[Opening Records for this task section]

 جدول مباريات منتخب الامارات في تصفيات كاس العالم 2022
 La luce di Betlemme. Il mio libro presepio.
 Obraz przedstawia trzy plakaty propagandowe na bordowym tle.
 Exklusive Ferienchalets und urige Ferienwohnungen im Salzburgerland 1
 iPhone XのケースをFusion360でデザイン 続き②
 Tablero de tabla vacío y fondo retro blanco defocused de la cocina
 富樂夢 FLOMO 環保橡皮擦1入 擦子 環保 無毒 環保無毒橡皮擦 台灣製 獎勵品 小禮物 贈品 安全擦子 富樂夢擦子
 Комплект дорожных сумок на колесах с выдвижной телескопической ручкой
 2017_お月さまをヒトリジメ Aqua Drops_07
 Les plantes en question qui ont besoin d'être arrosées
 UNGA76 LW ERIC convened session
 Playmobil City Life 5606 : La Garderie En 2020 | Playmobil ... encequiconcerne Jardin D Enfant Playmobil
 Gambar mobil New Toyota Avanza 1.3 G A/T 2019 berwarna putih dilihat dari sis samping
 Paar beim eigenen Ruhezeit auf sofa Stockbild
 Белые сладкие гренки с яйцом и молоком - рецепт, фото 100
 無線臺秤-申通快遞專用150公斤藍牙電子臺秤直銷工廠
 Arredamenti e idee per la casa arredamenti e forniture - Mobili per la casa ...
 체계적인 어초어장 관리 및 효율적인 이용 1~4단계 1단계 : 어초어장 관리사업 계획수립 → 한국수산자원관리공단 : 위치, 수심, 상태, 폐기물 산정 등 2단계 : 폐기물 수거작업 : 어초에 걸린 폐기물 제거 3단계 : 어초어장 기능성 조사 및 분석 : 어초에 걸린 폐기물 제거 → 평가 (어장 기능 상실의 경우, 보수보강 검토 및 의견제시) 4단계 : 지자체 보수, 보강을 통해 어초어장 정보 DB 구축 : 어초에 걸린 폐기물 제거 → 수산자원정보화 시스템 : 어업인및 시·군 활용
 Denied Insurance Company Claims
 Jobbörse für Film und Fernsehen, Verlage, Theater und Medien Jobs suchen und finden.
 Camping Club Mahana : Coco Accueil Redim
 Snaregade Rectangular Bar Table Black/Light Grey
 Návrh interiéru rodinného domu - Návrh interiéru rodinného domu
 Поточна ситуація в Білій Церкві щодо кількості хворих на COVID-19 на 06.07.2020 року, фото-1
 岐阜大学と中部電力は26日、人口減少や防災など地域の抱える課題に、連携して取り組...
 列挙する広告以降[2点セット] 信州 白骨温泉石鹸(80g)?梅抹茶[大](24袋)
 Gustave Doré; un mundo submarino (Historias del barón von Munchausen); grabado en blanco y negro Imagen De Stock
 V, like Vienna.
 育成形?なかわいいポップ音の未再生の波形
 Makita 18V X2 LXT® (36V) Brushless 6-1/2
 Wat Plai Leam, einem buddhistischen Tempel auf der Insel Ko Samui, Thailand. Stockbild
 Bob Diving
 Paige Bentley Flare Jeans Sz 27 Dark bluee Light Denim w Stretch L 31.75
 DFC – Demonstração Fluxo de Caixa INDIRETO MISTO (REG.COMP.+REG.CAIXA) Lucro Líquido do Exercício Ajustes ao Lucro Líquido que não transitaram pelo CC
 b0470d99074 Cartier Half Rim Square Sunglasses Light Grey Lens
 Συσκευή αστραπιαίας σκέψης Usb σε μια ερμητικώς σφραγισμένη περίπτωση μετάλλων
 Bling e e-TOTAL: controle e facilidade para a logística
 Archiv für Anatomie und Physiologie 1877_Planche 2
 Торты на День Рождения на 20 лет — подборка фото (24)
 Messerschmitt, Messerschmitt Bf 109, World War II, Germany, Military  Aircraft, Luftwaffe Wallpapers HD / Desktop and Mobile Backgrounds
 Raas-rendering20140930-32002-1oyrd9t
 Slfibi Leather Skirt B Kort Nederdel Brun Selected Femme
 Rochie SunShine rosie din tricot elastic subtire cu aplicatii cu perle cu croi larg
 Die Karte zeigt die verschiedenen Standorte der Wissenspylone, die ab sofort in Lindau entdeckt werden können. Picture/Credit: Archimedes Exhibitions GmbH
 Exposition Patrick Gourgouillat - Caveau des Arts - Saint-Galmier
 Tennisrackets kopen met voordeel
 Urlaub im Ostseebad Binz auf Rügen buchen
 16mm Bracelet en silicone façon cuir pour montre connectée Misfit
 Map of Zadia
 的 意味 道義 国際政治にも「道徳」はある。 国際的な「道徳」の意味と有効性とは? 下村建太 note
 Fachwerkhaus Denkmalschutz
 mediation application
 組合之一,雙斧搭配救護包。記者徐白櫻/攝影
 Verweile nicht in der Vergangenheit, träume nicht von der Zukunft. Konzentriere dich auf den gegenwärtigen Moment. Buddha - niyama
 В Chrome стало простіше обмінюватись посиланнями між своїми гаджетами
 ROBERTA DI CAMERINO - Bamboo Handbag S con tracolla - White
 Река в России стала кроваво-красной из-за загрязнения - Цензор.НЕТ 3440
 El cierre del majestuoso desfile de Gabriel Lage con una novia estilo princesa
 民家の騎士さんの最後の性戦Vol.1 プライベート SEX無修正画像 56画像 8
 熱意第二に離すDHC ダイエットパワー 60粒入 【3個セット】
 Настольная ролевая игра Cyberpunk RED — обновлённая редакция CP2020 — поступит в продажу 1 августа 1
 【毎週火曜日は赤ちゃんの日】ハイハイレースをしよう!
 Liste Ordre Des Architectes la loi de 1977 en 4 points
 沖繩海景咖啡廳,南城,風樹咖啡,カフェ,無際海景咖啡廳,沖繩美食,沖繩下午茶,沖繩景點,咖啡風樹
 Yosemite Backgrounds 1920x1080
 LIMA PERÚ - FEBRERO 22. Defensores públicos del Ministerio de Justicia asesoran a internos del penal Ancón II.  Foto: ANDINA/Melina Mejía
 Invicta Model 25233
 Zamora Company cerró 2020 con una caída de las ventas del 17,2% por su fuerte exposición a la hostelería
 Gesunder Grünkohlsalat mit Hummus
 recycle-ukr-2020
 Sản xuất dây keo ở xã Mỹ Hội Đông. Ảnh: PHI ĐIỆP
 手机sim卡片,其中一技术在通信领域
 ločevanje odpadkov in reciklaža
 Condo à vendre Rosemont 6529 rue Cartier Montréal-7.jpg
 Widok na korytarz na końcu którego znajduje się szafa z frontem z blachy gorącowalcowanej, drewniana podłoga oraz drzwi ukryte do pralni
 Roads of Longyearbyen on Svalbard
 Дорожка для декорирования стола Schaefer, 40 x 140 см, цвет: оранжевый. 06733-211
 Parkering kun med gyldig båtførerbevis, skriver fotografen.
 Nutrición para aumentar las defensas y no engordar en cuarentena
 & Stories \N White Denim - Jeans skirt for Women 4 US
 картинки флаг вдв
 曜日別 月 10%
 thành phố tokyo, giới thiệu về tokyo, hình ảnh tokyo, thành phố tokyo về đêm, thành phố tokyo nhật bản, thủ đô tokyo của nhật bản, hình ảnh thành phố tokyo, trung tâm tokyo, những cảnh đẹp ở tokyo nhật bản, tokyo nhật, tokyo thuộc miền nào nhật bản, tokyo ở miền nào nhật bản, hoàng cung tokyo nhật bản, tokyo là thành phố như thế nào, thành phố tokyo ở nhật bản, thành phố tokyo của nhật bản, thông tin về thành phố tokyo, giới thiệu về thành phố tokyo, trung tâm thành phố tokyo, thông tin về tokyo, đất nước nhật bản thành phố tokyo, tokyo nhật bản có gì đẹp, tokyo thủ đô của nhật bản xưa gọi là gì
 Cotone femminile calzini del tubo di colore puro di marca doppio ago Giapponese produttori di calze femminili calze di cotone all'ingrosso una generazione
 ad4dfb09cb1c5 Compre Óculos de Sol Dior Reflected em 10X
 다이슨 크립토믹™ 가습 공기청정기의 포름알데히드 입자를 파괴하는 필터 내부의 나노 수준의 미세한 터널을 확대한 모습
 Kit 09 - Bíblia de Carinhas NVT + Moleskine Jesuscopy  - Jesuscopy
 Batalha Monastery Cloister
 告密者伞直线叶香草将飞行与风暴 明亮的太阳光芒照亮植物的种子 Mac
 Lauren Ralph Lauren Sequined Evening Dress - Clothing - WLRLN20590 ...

[Closing Records for this task section]

Exercise requirements
Your task is to copy each line of the material that contains the word "Cartier".

Solution
 b0470d99074 Cartier Half Rim Square Sunglasses Light Grey Lens
 Condo à vendre Rosemont 6529 rue Cartier Montréal-7.jpg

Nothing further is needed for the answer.